Wednesday, November 21, 2001

The tail section of American Airlines Flight 587 jerked the plane from side to side at least three times before it crashed into a New York City suburb Nov. 12, a National Transportation Safety Board report released yesterday indicates.
Investigators made no conclusions on what caused the lateral movements. “The NTSB continues to investigate the cause of the rudder movements,” said the report, which was based on flight-data recorder information.
The agency said again yesterday there was no evidence of a terrorist attack or sabotage in the crash that killed 265 persons. The tail fin and rudder sheared off the Airbus A300-600 after the airplane hit turbulence created by the wake of a Japan Air Lines 747. That plane had taken off less than two minutes earlier from New York’s John F. Kennedy International Airport.
The NTSB said Monday that the turbulence was not great enough by itself to explain why the tail section broke off and Flight 587 crashed.
“Turbulence is significant,” said John Clark, the NTSB’s aviation-safety director. “It’s a player. But we don’t see a huge vortex that just came along and knocked the tail off.”
Passengers inside the airplane would have felt only a slight side to side movement as Flight 587 hit the two vortexes of turbulence from the Japan Air Lines flight, according to the NTSB report. But then suddenly, the airplane made three abrupt jerks for reasons that remain unexplained.
“During the last eight seconds of [flight-data recorder] data, the plane experienced three stronger lateral movements. These lateral forces corresponded in time with rudder movements.”
As the airplane apparently started breaking apart in flight, the recorded data became harder to analyze.
“The [flight-data recorders] rudder data become unreliable about 2.5 seconds before the end of the recording, and sound-spectrum analysis shows that engine sounds can be heard on the cockpit voice recorder beyond that point,” the NTSB report said.

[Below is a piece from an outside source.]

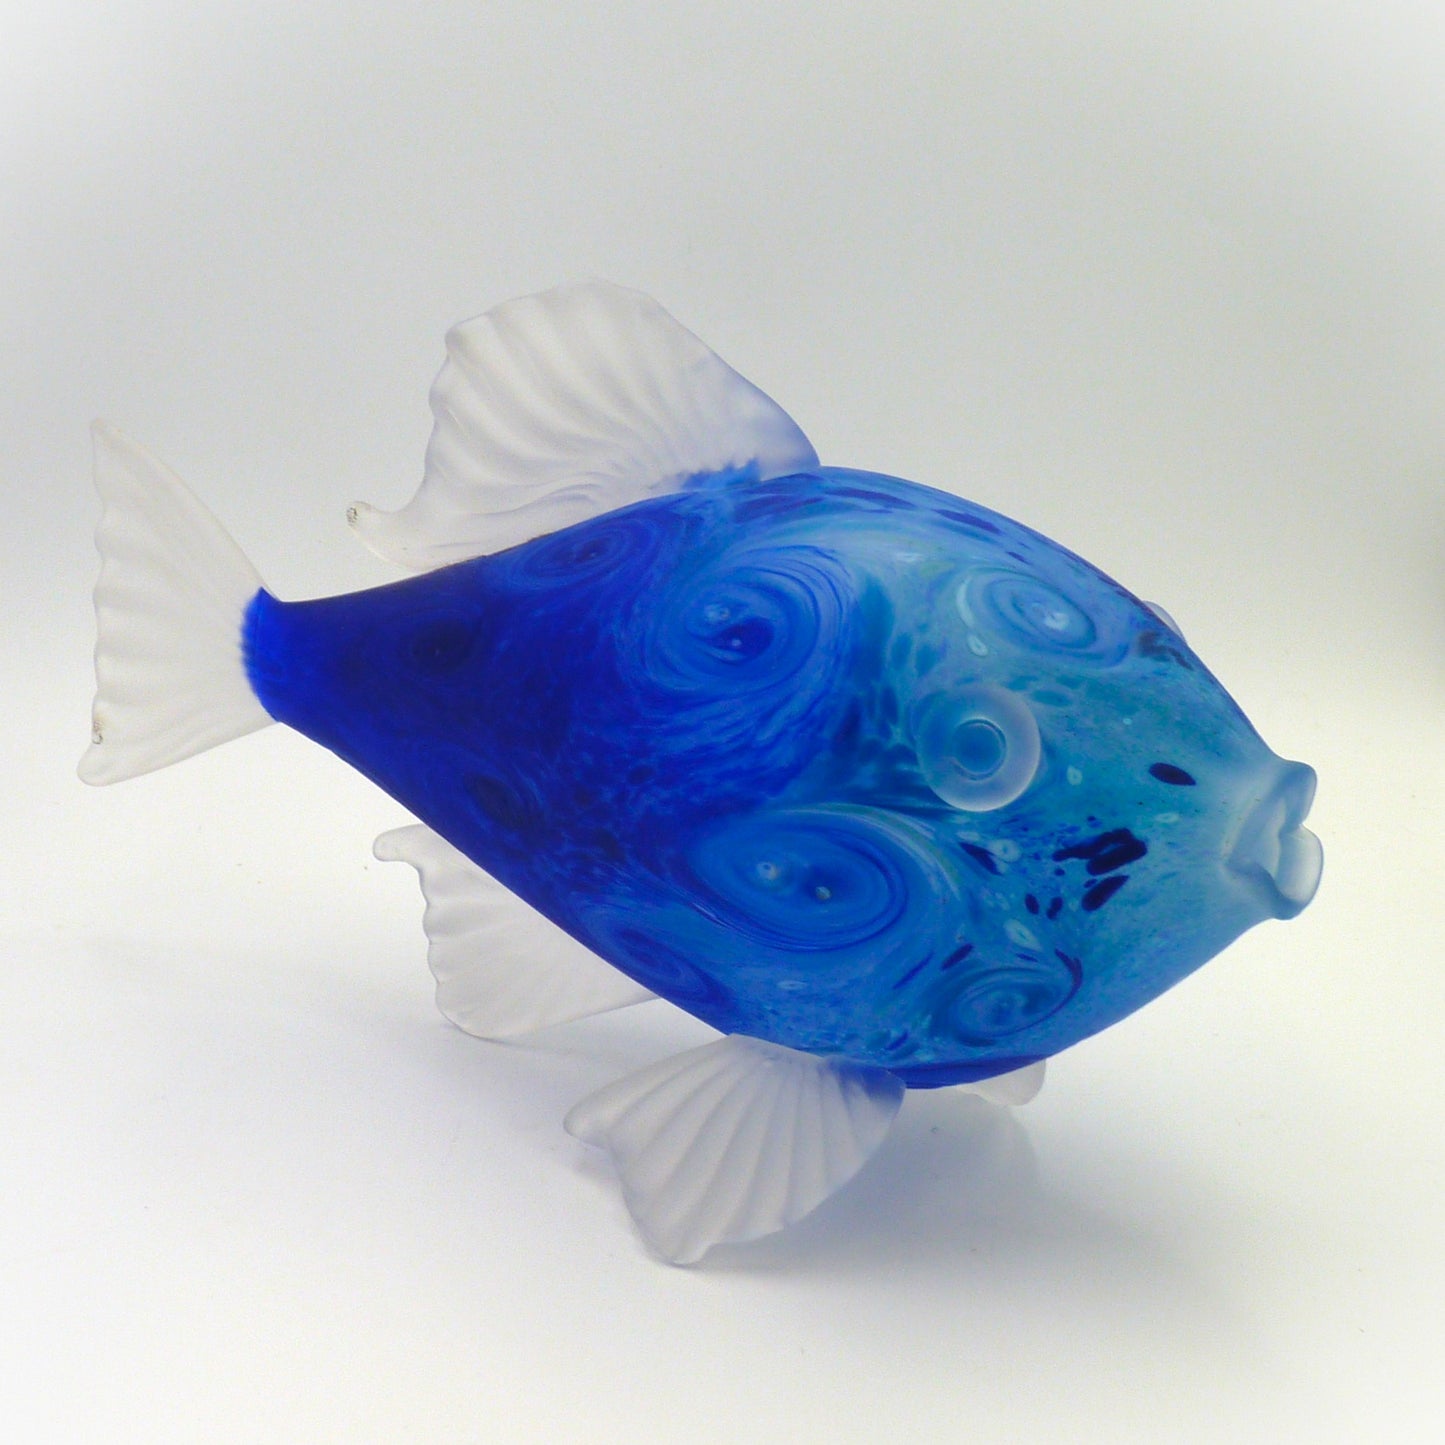 Belleau Fish Large Blue Starry

The airplane was in the air only 103 seconds from liftoff to impact, the report said. It also ruled out the possibility of an engine explosion, which some witnesses reported initially.
Another possibility being investigated is that composite materials used to manufacture the tail section were weakened from a 1994 bout with turbulence and finally snapped during the Japan Air plane’s turbulence.
The Federal Aviation Administration has ordered inspections of the tail assembly of the French-built A300-600s and the A-310s, both of which are made with nonmetallic composite materials. American Airlines already inspected its 34 A-300 series planes and found no defects.
Boeing Co. spokeswoman Mary Jean Olsen said the composite materials her company uses on the tail section of its Boeing 777 are “stronger and more flexible than metal.”
She also said composites used by airplane manufacturers are similar. The biggest differences between the airplanes are the manufacturers themselves, she said.
“The design features are different between different manufacturers,” Miss Olsen said.